Hypoglycémie


L'hypoglycémie est une concentration anormalement basse de glucose dans le sang. Une hypoglycémie sévère peut être mortelle ou provoquer des séquelles neurologiques irréversibles.

Chez un patient qui présente des symptômes d’hypoglycémie, mesurer la glycémie chaque fois que possible. S’il est pas possible de mesurer la glycémie, considérer qu’il existe une hypoglycémie et administrer du glucose (ou un autre sucre disponible).

Penser systématiquement à une hypoglycémie en cas de troubles de la conscience (léthargie, coma) ou de convulsions.

Pour le diagnostic et le traitement de l’hypoglycémie chez le nouveau-né, se référer au guide Soins obstétricaux et néonatals essentiels, MSF.

Signes cliniques

Apparition rapide de signes non spécifiques plus ou moins associés, en fonction de la gravité de l’hypoglycémie : sensation de faim et de fatigue, tremblements, tachycardie, pâleur, sueurs, anxiété, troubles de la vision, troubles de la parole, confusion, convulsions, léthargie, coma.

Diagnostic

Glycémie capillaire (bandelette réactive) :

– Patient non diabétique :
• Hypoglycémie : < 3,3 mmol/litre (< 60 mg/dl)
• Hypoglycémie sévère : < 2,2 mmol/litre (< 40 mg/dl)

– Patient diabétique qui se traite à domicile : < 3,9 mmol/litre (< 70 mg/dl)1

Si la glycémie n’est pas disponible, la résolution des symptômes après l’administration de sucre ou glucose confirme l’hypothèse d’une hypoglycémie.

Traitement symptomatique

– Le patient est conscient :
Enfant : une cuillère à café de sucre en poudre dans quelques ml d’eau ou 50 ml de jus de fruit, de lait maternel ou thérapeutique ou 10 ml/kg de glucose à 10% per os ou par sonde nasogastrique.
Adulte : 15 à 20 g de sucre, sous forme de morceaux de sucre (3 à 4) ou de boisson sucrée (eau sucrée, jus de fruit, soda, p.ex.).
Les symptômes s’améliorent en environ 15 minutes après la prise de sucre par voie orale.

– Le patient présente des troubles de la conscience ou des convulsions prolongées :
Enfant : 5 ml/kg de glucose 10% en IV lente (2 à 3 minutes) 
Adulte : 1 ml/kg de glucose 50% en IV lente (3 à 5 minutes)
Les troubles neurologiques s’améliorent en quelques minutes après l’injection.

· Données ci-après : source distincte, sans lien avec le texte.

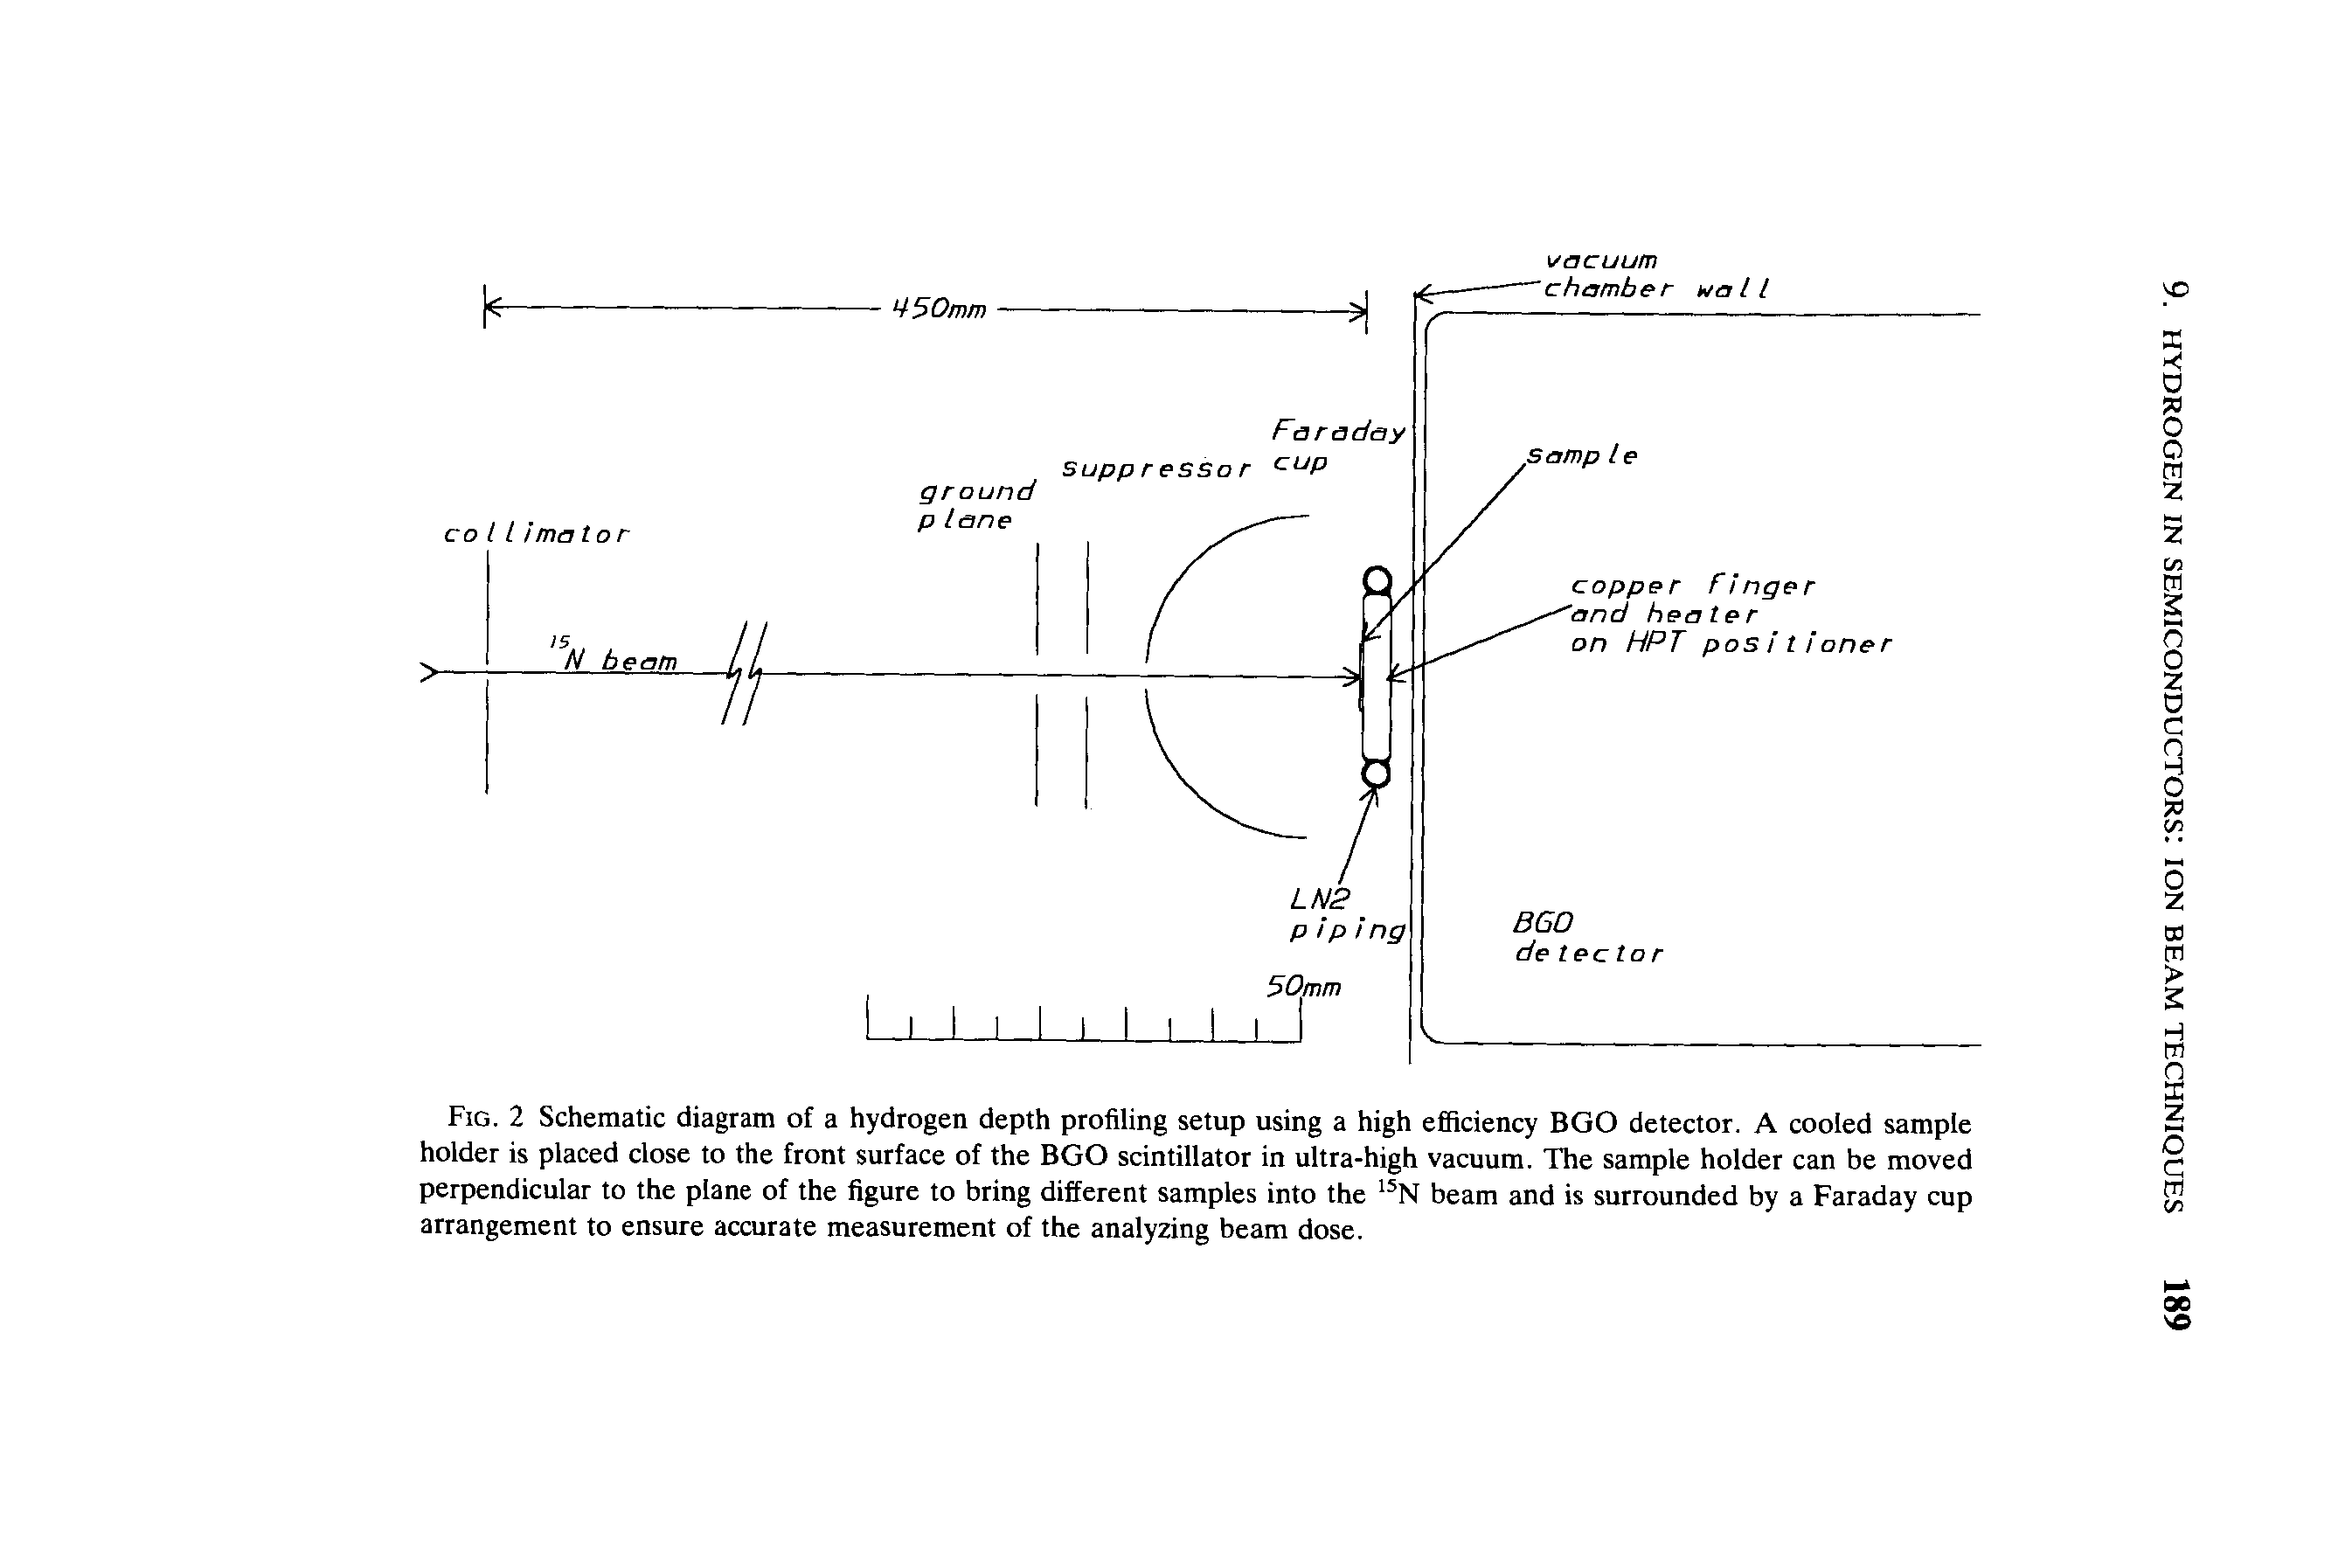 Fig. 2 Schematic diagram of a hydrogen depth profiling setup using a high efficiency BGO detector. A cooled sample holder is placed close to the front surface of the BGO scintillator in ultra-high vacuum. The sample holder can be moved perpendicular to the plane of the figure to bring different samples into the 15N beam and is surrounded by a Faraday cup arrangement to ensure accurate measurement of the analyzing beam dose.

Remesurer la glycémie après 15 minutes. Si elle reste basse, ré-administrer du glucose par voie IV ou donner du sucre par voie orale selon l’état du patient.

En l’absence d’amélioration clinique, évoquer un autre diagnostic : p.ex. infection grave (paludisme sévère, méningite, etc.), épilepsie.

Dans tous les cas, une fois le patient stabilisé, donner un repas ou une collation riche en glucides d’absorption plus lente et surveiller le patient quelques heures.

En cas d’obnubilation persistante après un épisode d’hypoglycémique sévère, mesurer régulièrement la glycémie.

Traitement de la cause

– En dehors du diabète :
• Traiter une malnutrition sévère, un sepsis néonatal, un paludisme sévère, une intoxication alcoolique aiguë, etc.
• Mettre fin à un jeûne prolongé.
• Remplacer les médicaments responsables d’hypoglycémie (p.ex., quinine IV, pentamidine, ciprofloxacine, énalapril, bétabloquants, aspirine à forte dose, tramadol) ou anticiper l’hypoglycémie (p.ex. administrer la quinine IV dans une perfusion de glucose).

– Chez un patient diabétique :
• Eviter de sauter des repas, augmenter l’apport en glucides si nécessaire.
• Réajuster la dose d’insuline en fonction des glycémies, des efforts physiques prévus.
• Réajuster les doses si traitement antidiabétique oral, prendre en compte d’éventuelles interactions médicamenteuses.



Références

  1. American Diabetes Association Standards of Medical Care in Diabetes, 2017.